India loves cheese, but the mass-produced cubes and slices that go into kiddie lunch boxes and are grated over street food are hardly quality products. That’s now changing slowly but surely, thanks to a new generation of artisanal cheesemakers who are pushing boundaries, helping Indians rediscover the country’s traditional dairy practices and appreciate homegrown products — and winning prestigious international awards while they’re at it.
Last November, Eleftheria, a Mumbai-based fromagerie, won big at the World Cheese Awards in Norway when its Brunost, a Norwegian-style whey cheese, was ranked among the top five cheeses in the world, earning a Super Gold for its toffee hue and velvety finish.

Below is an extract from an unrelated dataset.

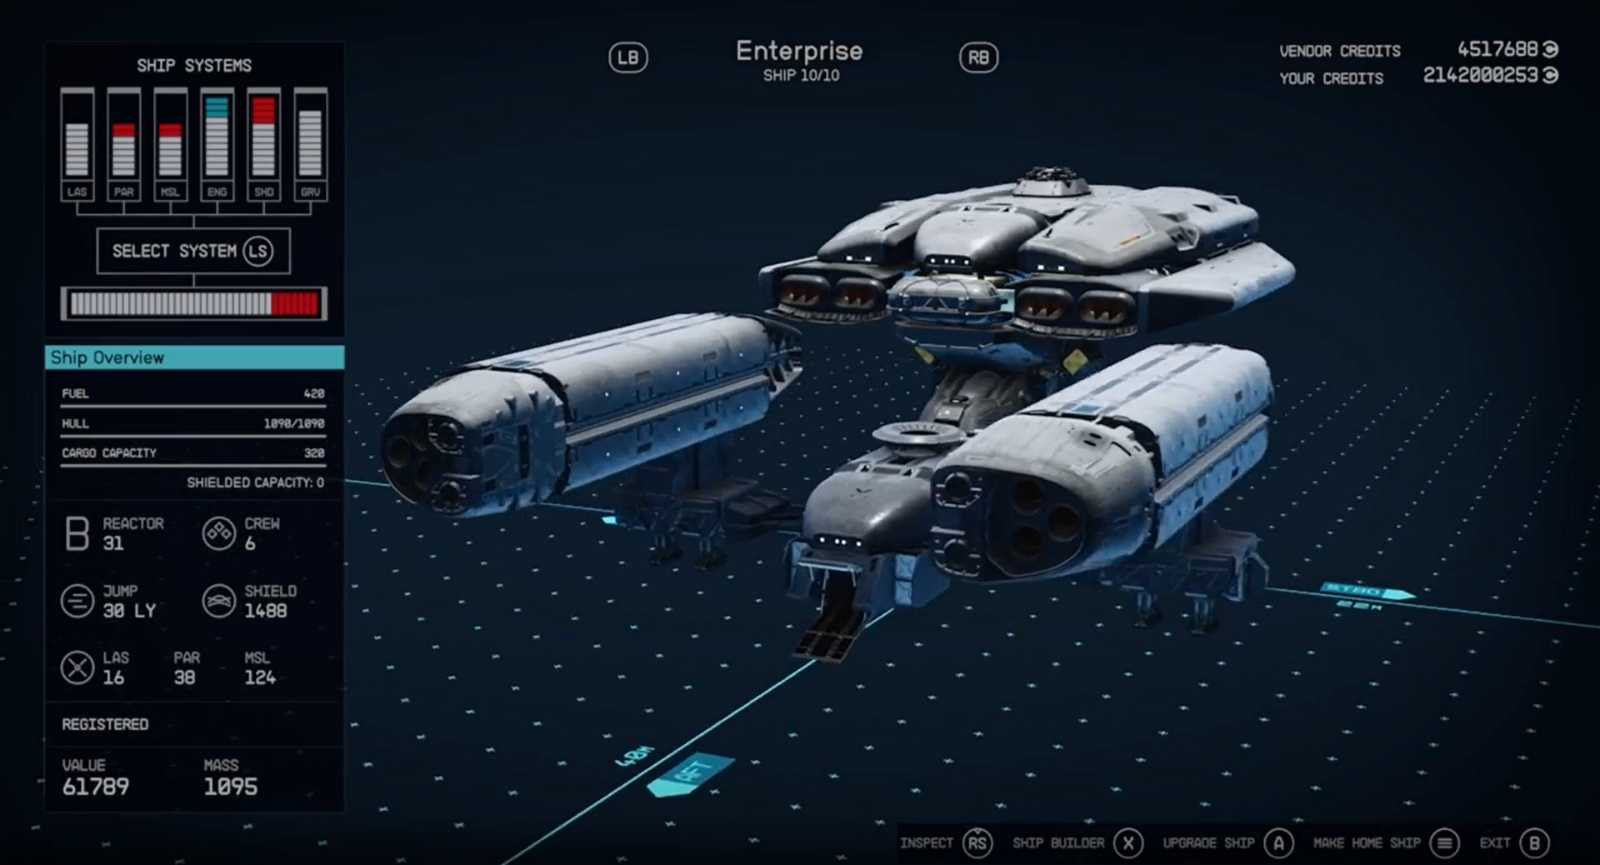 USS Enterprise recreated in Starfield

“I wanted the Brunost to be perceived as good, and not just as good enough for a cheese coming out of India,” says Mausam Narang, Eleftheria’s founder. Eleftheria’s Konark, a rustic, French-style Tomme, also took home a gold at the competition. Since she founded Eleftheria in 2015, Narang has attempted to demystify cheese for Indian diners by including familiar references in her lexicon: her Konark cheese wheel, for example, gets its name from the chariot wheel carved into the Konark temple in the Indian state of Odisha. “The idea is to make cheese as accessible as possible, and take it far away from the intimidating nature that most craft products have,” Narang says.

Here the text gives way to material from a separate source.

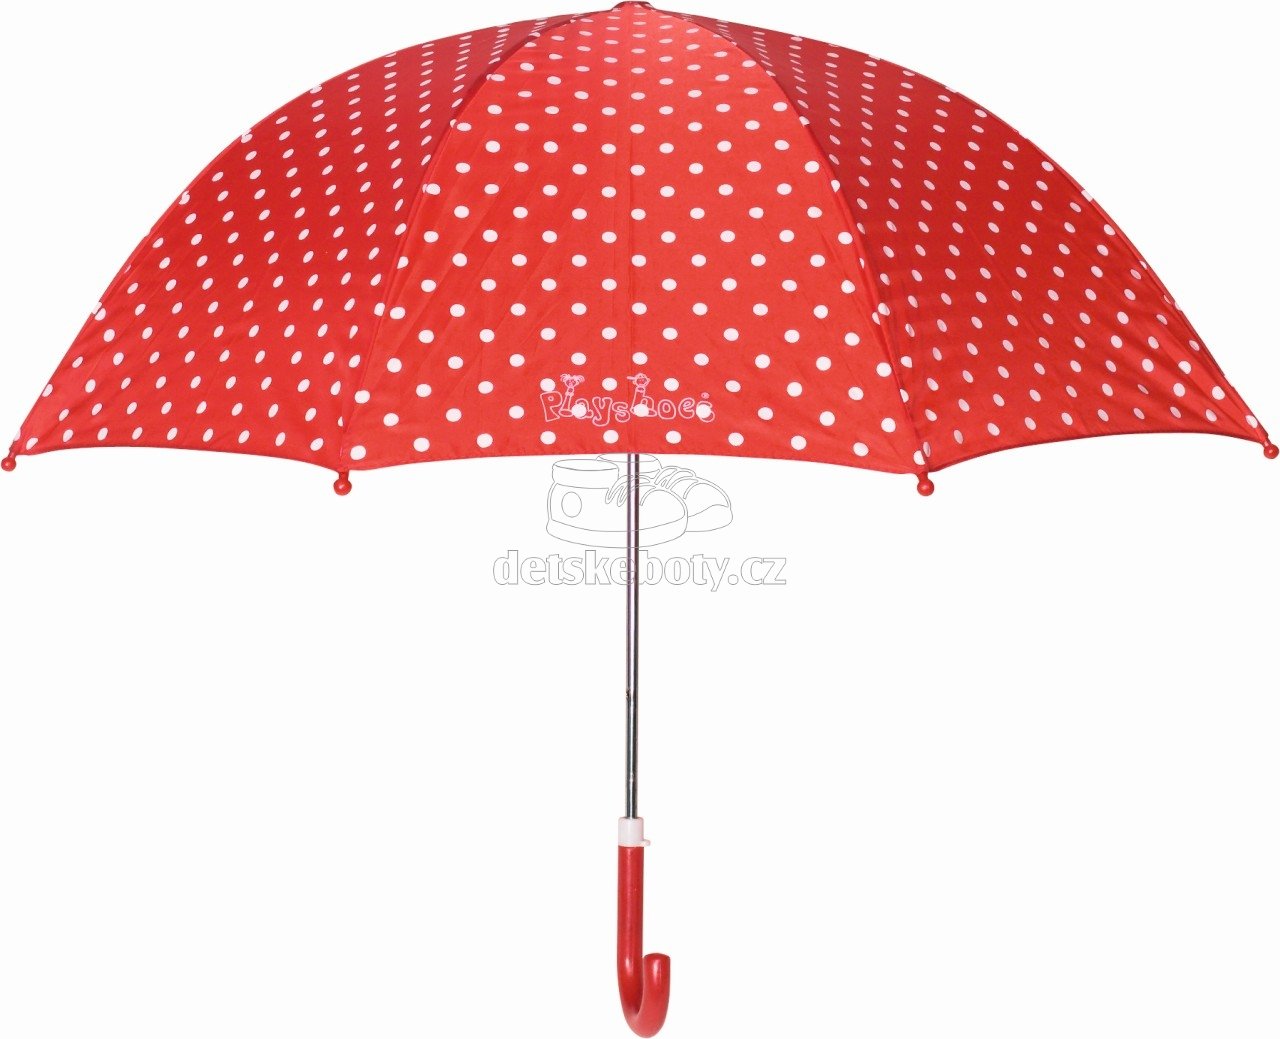 Deštník Playshoes 441767 dots červený

Since the World Cheese Awards, Narang has seen an uptick in business among different audiences: young parents looking for a quality product for their kids, wedding planners who want something unique to send along with their invites, and hotels and restaurants who are now serving the cheese at their breakfast buffets. “The biggest shift I’ve seen in the recent past is that among urban consumers, artisanal cheese has become a part of their daily lives instead of being relegated to occasion-based eating,” Narang says. “So instead of cheese platters at parties, people are using our cheese in chile cheese toasties, shaving it over pasta, and even using it in Indian dishes. That’s a real sign that we’ve been able to penetrate the market well.”
While the concept of artisanal cheese in India is relatively new, cheesemaking itself has deep roots here. The country’s relationship with dairy is one that goes back centuries, churned with layers of cultural and religious mythologies, colonization, and foreign trade.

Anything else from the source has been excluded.